# All Slavic languages: plain yogurt



## Encolpius

Hello, since p*lain yogurt *is "white yogurt" [bilý jogurt] in Czech I started to think what you call plain yogurt (no fruits contained) in other Slavic languages. Thank you in advance. Enco. 

*Czech: bílý jogurt* (you guys all understand bilý, right?)


----------



## Irbis

Slovenian: navadni jogurt (common/plain yogurt)


----------



## Anemona61

Just "jogurt", or "običan jogurt". But "jogurt" would be enough.


----------



## Encolpius

Thanks, so far my impression is only Czechs and *Italians *call it "white yogurt"


----------



## AndrasBP

PL: jogurt naturalny
LT: natūralus jogurtas
RO: iaurt natural

(Yes, I do know that Lithuanian and Romanian are not Slavic, but...)


----------



## pimlicodude

AndrasBP said:


> PL: jogurt naturalny
> LT: natūralus jogurtas
> RO: iaurt natural
> 
> (Yes, I do know that Lithuanian and Romanian are not Slavic, but...)


натуральный йогурт is what it is labelled as in Russian.


----------



## cHr0mChIk

In Serbian, jogurt is like a watery drink though. It's not the same thing referred to as "yoghurt" in English. I have no idea what we'd call that which you call yoghurt in English...


----------



## AndrasBP

cHr0mChIk said:


> In Serbian, jogurt is like a watery drink though.


Watery? Is that perhaps what the Turks call '*ayran*' (consisting of yoghurt, water and salt)?


----------



## Anemona61

AndrasBP said:


> Watery? Is that perhaps what the Turks call '*ayran*' (consisting of yoghurt, water and salt)?


No water and no salt. It is thicker than "ayran", but more liquid than Greek yogurt. I find it more creamy than "ayran", too.


----------



## cHr0mChIk

It's not ayran, because we have ajran.
I guess we call it grčki jogurt! Yeah! (Greek yogurt)


----------



## pimlicodude

cHr0mChIk said:


> In Serbian, jogurt is like a watery drink though. It's not the same thing referred to as "yoghurt" in English. I have no idea what we'd call that which you call yoghurt in English...


In England, there is something called "set yoghurt", which is like Greek yoghurt (set, not runny), and then there is "drinking yoghurt".

Also the traditional spelling in English is "yoghurt", as you show, but the English supermarkets have apparently all decided to update the spelling as "yogurt". This is more Americanised, but may be the inevitable trend of British English.


----------



## DarkChild

In Bulgarian it's kiselo mlyako which means sour milk.


----------



## Olaszinhok

Encolpius said:


> *Italians *call it "white yogurt"


We also call it *natural*


----------



## Mačak pod šlemom

DarkChild said:


> In Bulgarian it's kiselo mlyako which means sour milk.

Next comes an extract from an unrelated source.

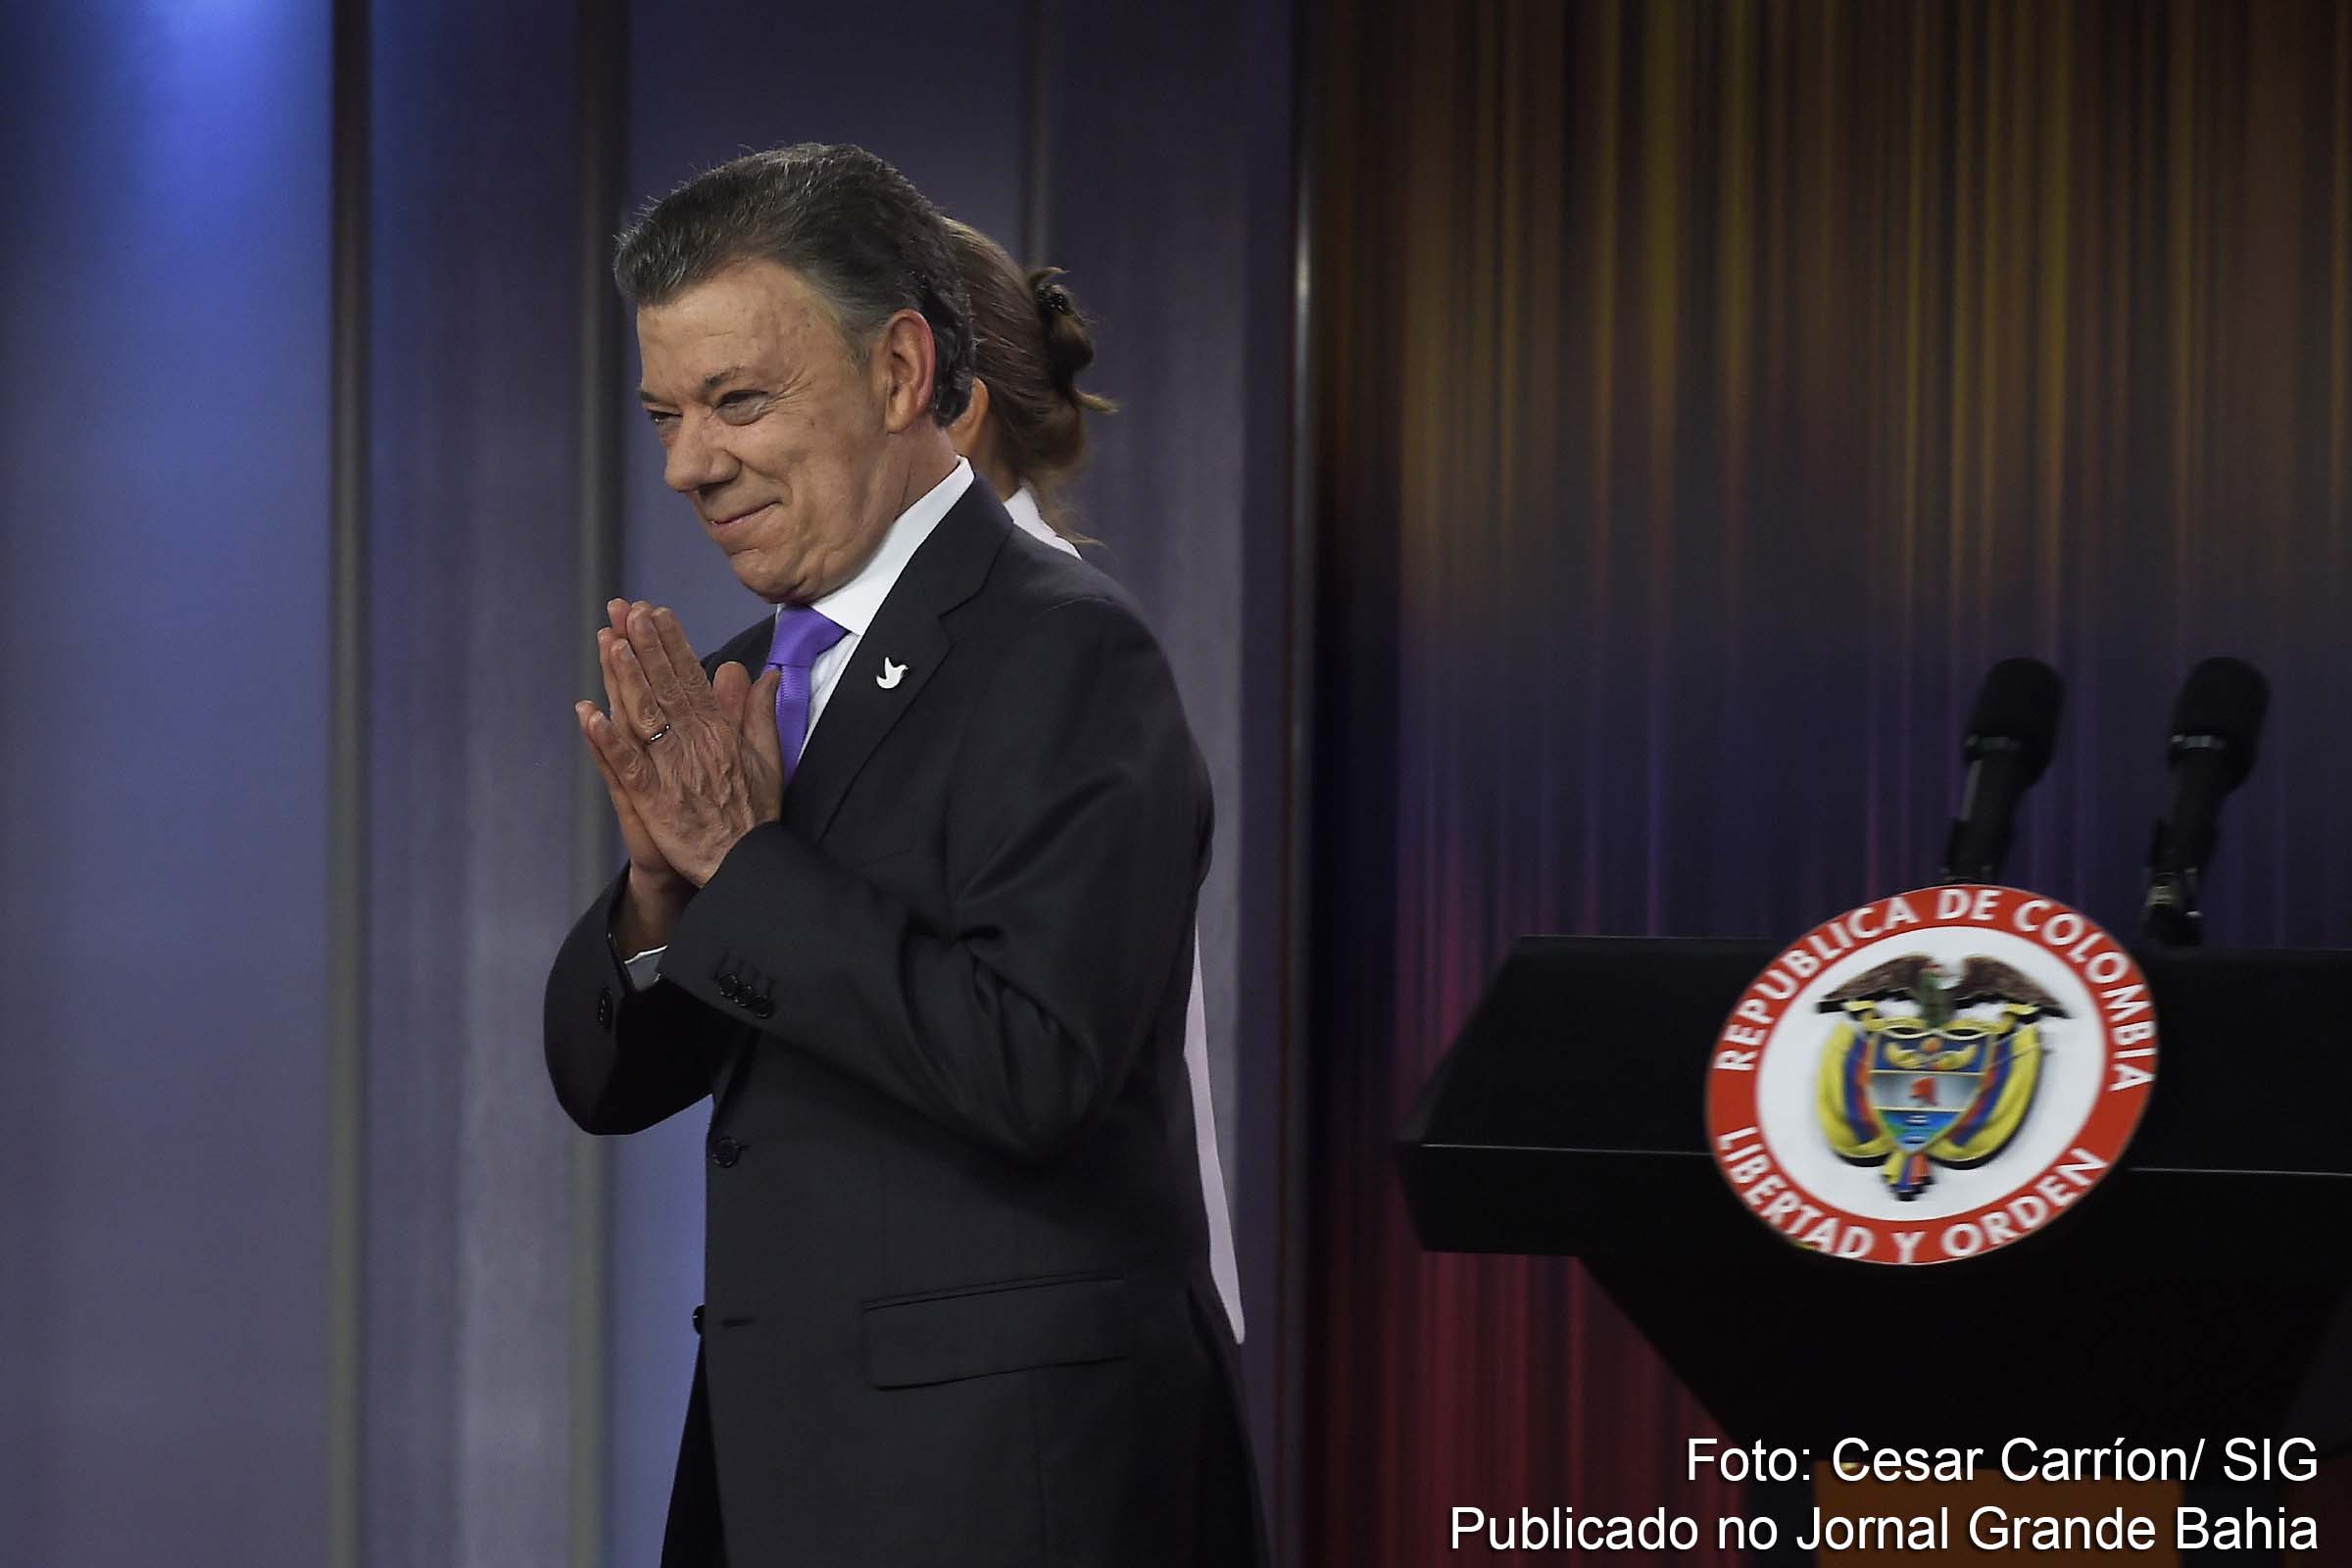 O presidente Juan Manuel Santos pediu que as autoridades averiguassem o caso "o mais rápido possível para que se torne pública toda a verdade no caso Odebrecht".

In Serbian we have "kiselo mleko", but it is not the same as "jogurt". It is very similar in taste and texture, a bit stronger though. Different sets of bacteria and yeast are used for both. Yoghurt is much easier on stomach.


----------



## pimlicodude

Mačak pod šlemom said:


> In Serbian we have "kiselo mleko", but it is not the same as "jogurt". It is very similar in taste and texture, a bit stronger though. Different sets of bacteria and yeast are used for both. Yoghurt is much easier on stomach.


Maybe in Serbian kiselo mleko is something like what the Russians call кефир?


----------



## cHr0mChIk

pimlicodude said:


> Maybe in Serbian kiselo mleko is something like what the Russians call кефир?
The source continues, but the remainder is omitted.